お婆さん、自分のご飯を食べ終わってしまうと、身を乗り出さんばかりにして、こちらの一挙手一投足に一層熱い視線を送ってくる。
そして、大センセイが最後のひと切れを食べ終わったのを見届けると、ついに話しかけてきたのである。
「あなた、外国人なのにご飯が好きなのねぇ」
向かいに座っていた編集者が、ぷっと噴き出した。
「えっ、私……」
訂正しようと思ったが、お婆さん、伝票を握りしめて席から立ちあがってしまった。

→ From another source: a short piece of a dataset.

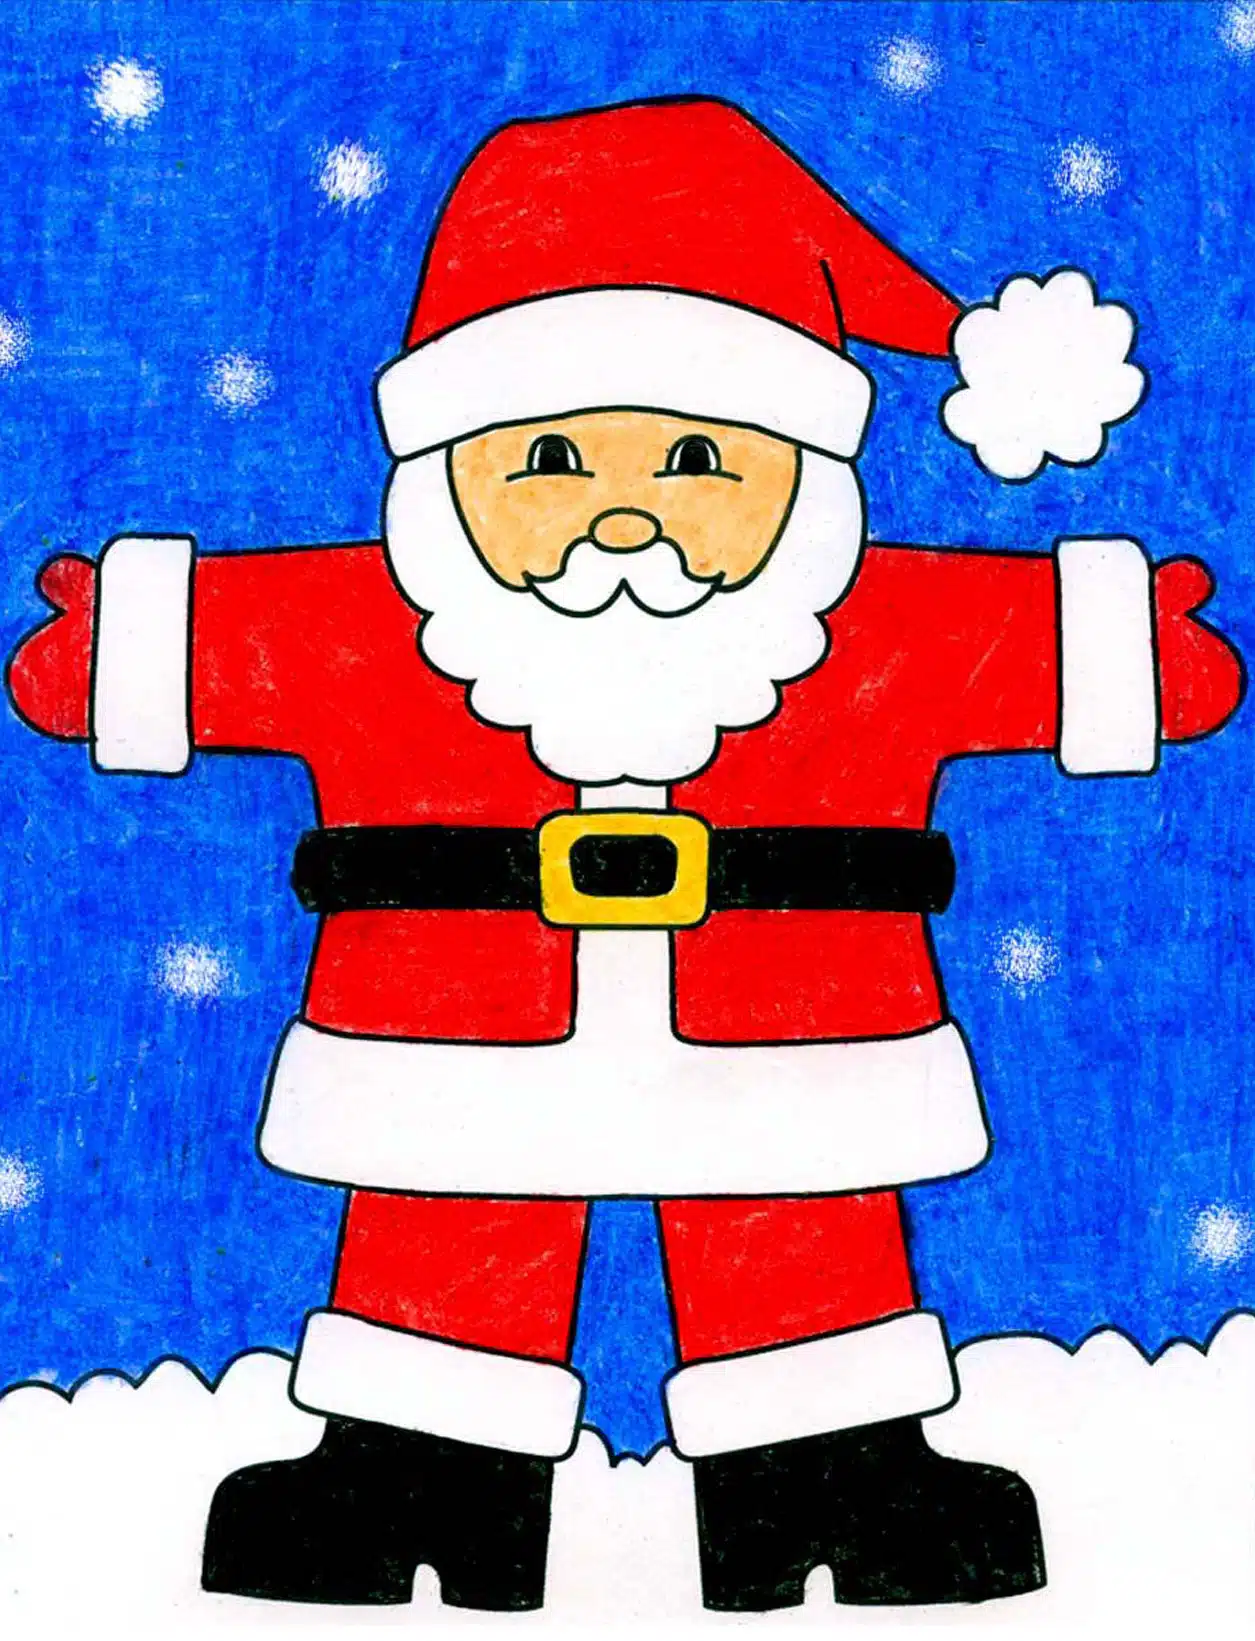 How To Draw Santa Claus - For Beginners - Cool Drawing Idea-saigonsouth.com.vn

そして、テーブルの脇を通過しながら、
「外国の人がこんなに日本のご飯を好きになってくれるなんて、嬉しいわねぇ」
とダメ押しの一発をかましてくれたのだった。
「あは、あはははっ」
大センセイ、日本語がよくわからないフリをして、お婆さんの思い込み攻撃をやり過ごすしかなかった。
もしも、
「お言葉を返すようですが、私は日本人です。日本人がご飯を好きなのは、珍しいことではないでしょう。勝手に外国人だと決めつけないで下さい」
と反論をしたら、
「あらまっ、褒めるつもりで言ったのに、そんなふうにおっしゃるなんて!」
などという気まずい事態になったかもしれない。思い込みとは、かように厄介なものなのである。
それにしても気になるのは、お婆さんがいったいナニ人と勘違いしたかである。編集者の意見を聞くと、
「ヤマダさん、地黒だから」
とニヤニヤしながら言う。
いったいナニ人に間違えられたら、嬉しかっただろうか。